您可能已经注意到，如果尚未设置 cookie 和会话数据，您将被重定向到其基本 url (http://www.21cineplex.com/)

我试着这样做：

def main():
    try:
        cj = CookieJar()
        baseurl = "http://www.21cineplex.com"
        opener = urllib2.build_opener(urllib2.HTTPCookieProcessor(cj))
        opener.open(baseurl)

        urllib2.install_opener(opener)
        movieSource = urllib2.urlopen('http://www.21cineplex.com/nowplaying/jakarta,3,JKT.htm/1').read()

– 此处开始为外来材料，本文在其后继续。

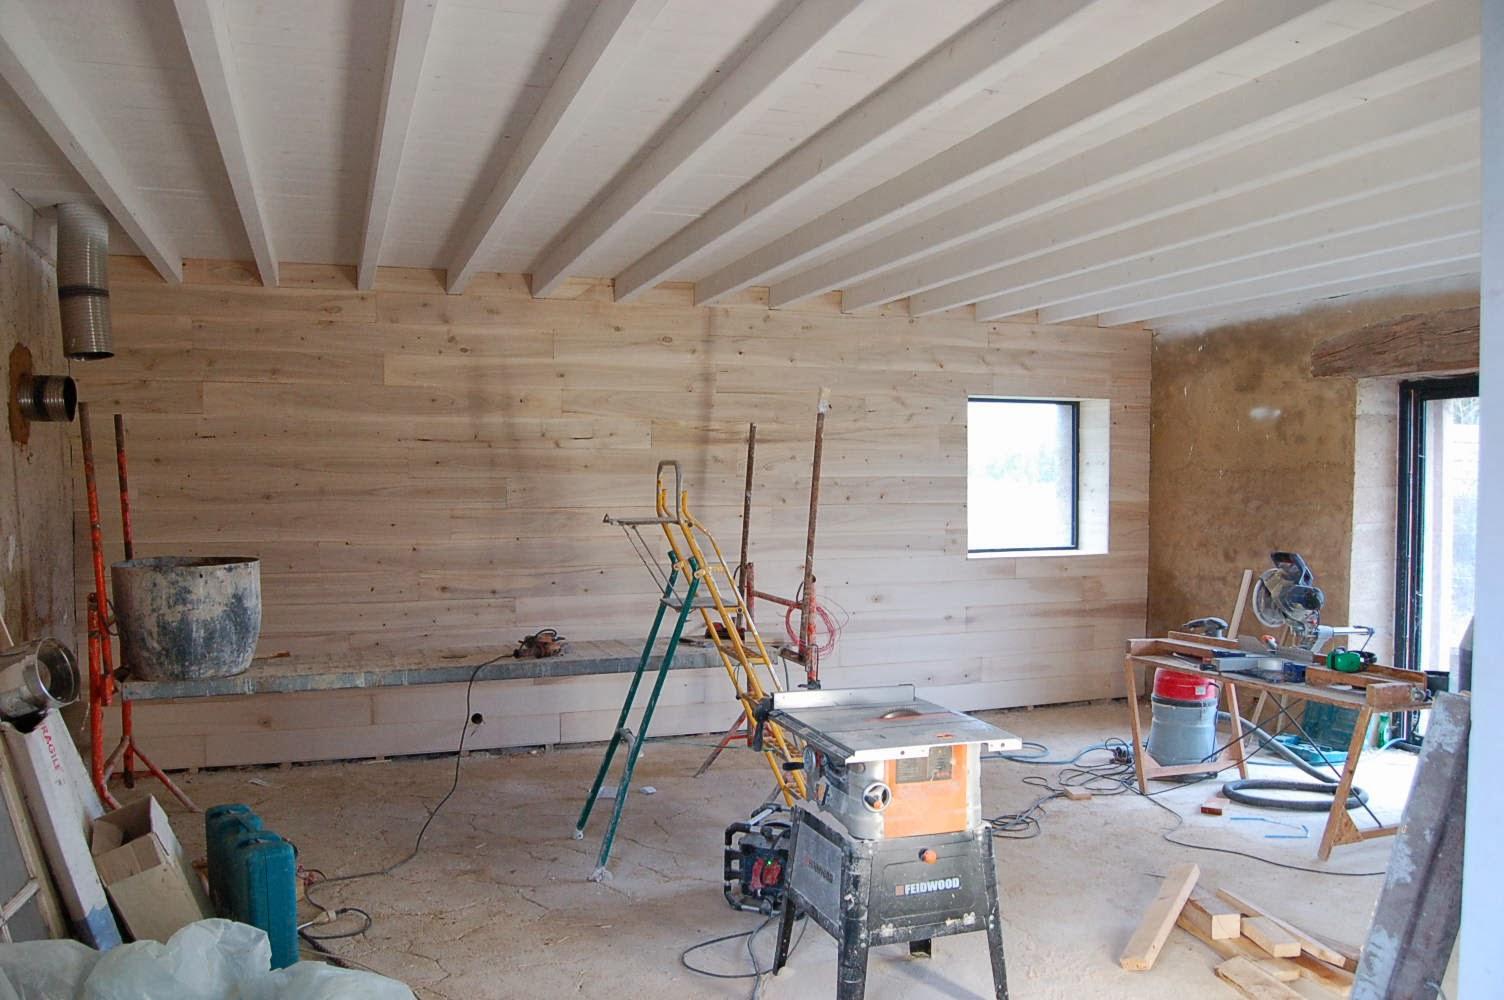 La gremiere en travaux d cembre 2013 for Mur interieur en volige
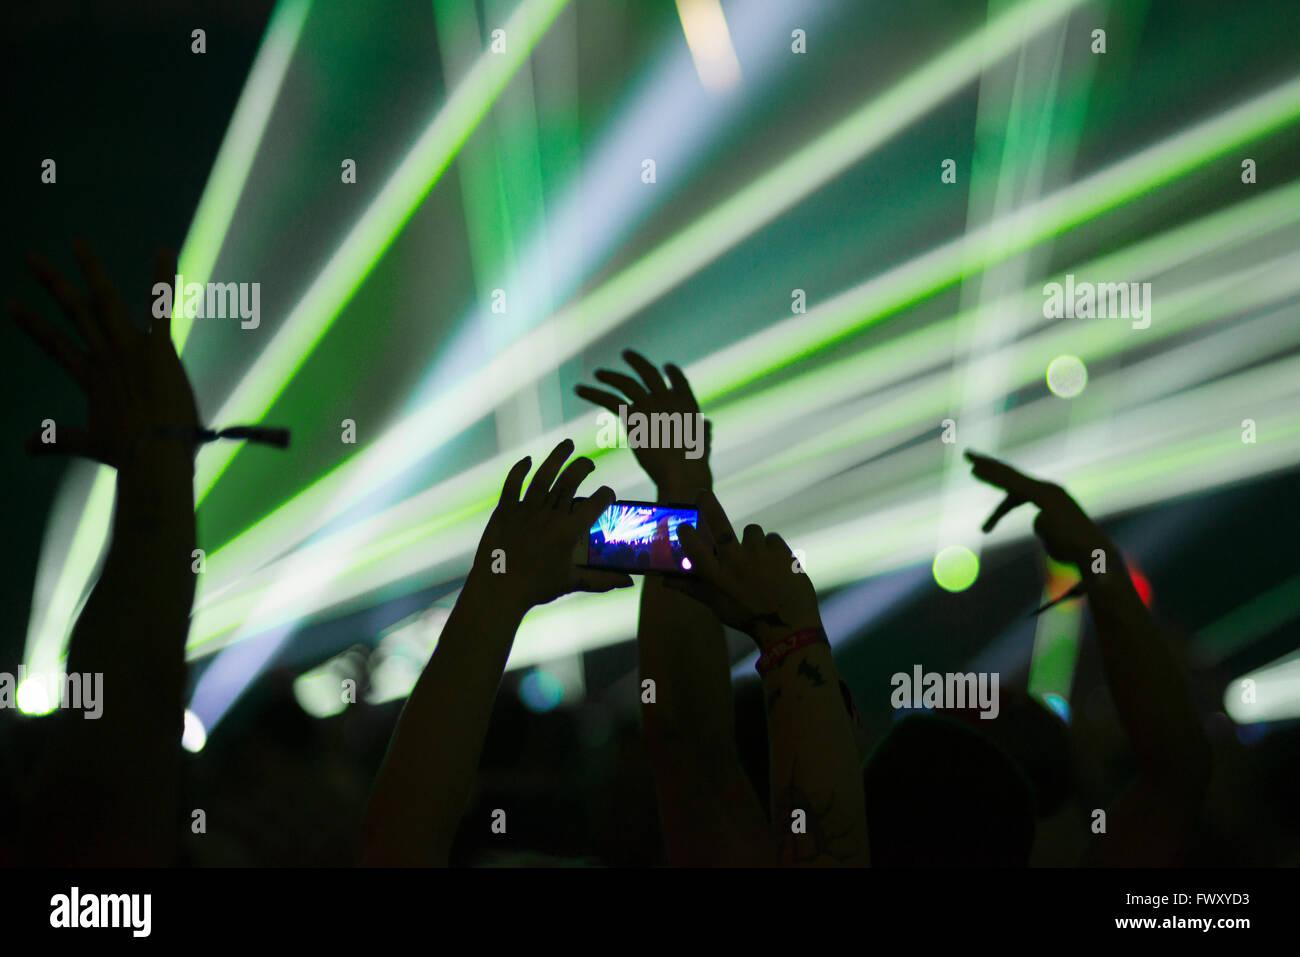 La Finlande, Helsinki, Uusimaa, l'homme à prendre des photos avec son smartphone au Festival d'été Banque D'Images

        splitSource = re.findall(r'<ul class="w462">(.*?)</ul>', movieSource)

        print splitSource

    except Exception, e:
        str(e)
        print "Error occured in main Block"

但是，我最终未能从该特定 URL 中删除。

快速检查显示该网站正在设置会话 ID (PHPSESSID) 并复制到客户端的 cookie 中。

问题是我如何减轻这样的例子？

ps：我尝试安装 request（通过 pip）它给了我什么（404）：

  Getting page https://pypi.python.org/simple/request/
  Could not fetch URL https://pypi.python.org/simple/request/: HTTP Error 404: Not Found (request does not have any releases)
  Will skip URL https://pypi.python.org/simple/request/ when looking for download links for request
  Getting page https://pypi.python.org/simple/
  URLs to search for versions for request:
  * https://pypi.python.org/simple/request/
  Getting page https://pypi.python.org/simple/request/
  Could not fetch URL https://pypi.python.org/simple/request/: HTTP Error 404: Not Found (request does not have any releases)
  Will skip URL https://pypi.python.org/simple/request/ when looking for download links for request
  Could not find any downloads that satisfy the requirement request

Cleaning up...

【问题讨论】：

标签： python python-2.7 web-scraping session-cookies

【解决方案1】：

感谢@Chainik，我现在可以使用它了。我最终像这样修改了我的代码：

cj = CookieJar()
opener = urllib2.build_opener(urllib2.HTTPCookieProcessor(cj))
baseurl = "http://www.21cineplex.com/"
regex = '<ul class="w462">(.*?)</ul>'

opener.open(baseurl)
urllib2.install_opener(opener)

request = urllib2.Request('http://www.21cineplex.com/nowplaying/jakarta,3,JKT.htm/1')
request.add_header('Referer', baseurl)

requestData = urllib2.urlopen(request)
htmlText = requestData.read()

一次，html 文本被检索。就是解析它的内容。

干杯

【讨论】：

【解决方案2】：

尝试设置引用 URL，见下文。

未设置引用 URL（302 重定向）：

$ curl -I "http://www.21cineplex.com/nowplaying/jakarta,3,JKT.htm/1"
HTTP/1.1 302 Moved Temporarily                       
Server: nginx
Date: Thu, 19 Sep 2013 09:19:19 GMT
Content-Type: text/html
Connection: keep-alive
X-Powered-By: PHP/5.4.17
Set-Cookie: PHPSESSID=5effe043db4fd83b2c5927818cb1a7ca; path=/
Expires: Thu, 19 Nov 1981 08:52:00 GMT
Cache-Control: no-store, no-cache, must-revalidate, post-check=0, pre-check=0
Pragma: no-cache
Set-Cookie: kota=3; expires=Fri, 19-Sep-2014 09:19:19 GMT; path=/
Location: http://www.21cineplex.com/

设置引用 URL (HTTP/200)：

$ curl -I -e "http://www.21cineplex.com/"
"http://www.21cineplex.com/nowplaying/jakarta,3,JKT.htm/1"
HTTP/1.1 200 OK
Server: nginx
Date: Thu, 19 Sep 2013 09:19:24 GMT
Content-Type: text/html
Connection: keep-alive
Vary: Accept-Encoding
X-Powered-By: PHP/5.4.17
Set-Cookie: PHPSESSID=a7abd6592c87e0c1a8fab4f855baa0a4; path=/
Expires: Thu, 19 Nov 1981 08:52:00 GMT
Cache-Control: no-store, no-cache, must-revalidate, post-check=0, pre-check=0
Pragma: no-cache
Set-Cookie: kota=3; expires=Fri, 19-Sep-2014 09:19:24 GMT; path=/

要使用 urllib 设置引用 URL，请参见 post

--ab1

【讨论】：

嗨，谢谢，理论上这应该可行。但我不确定到期的事情。不管怎样，我会告诉你的。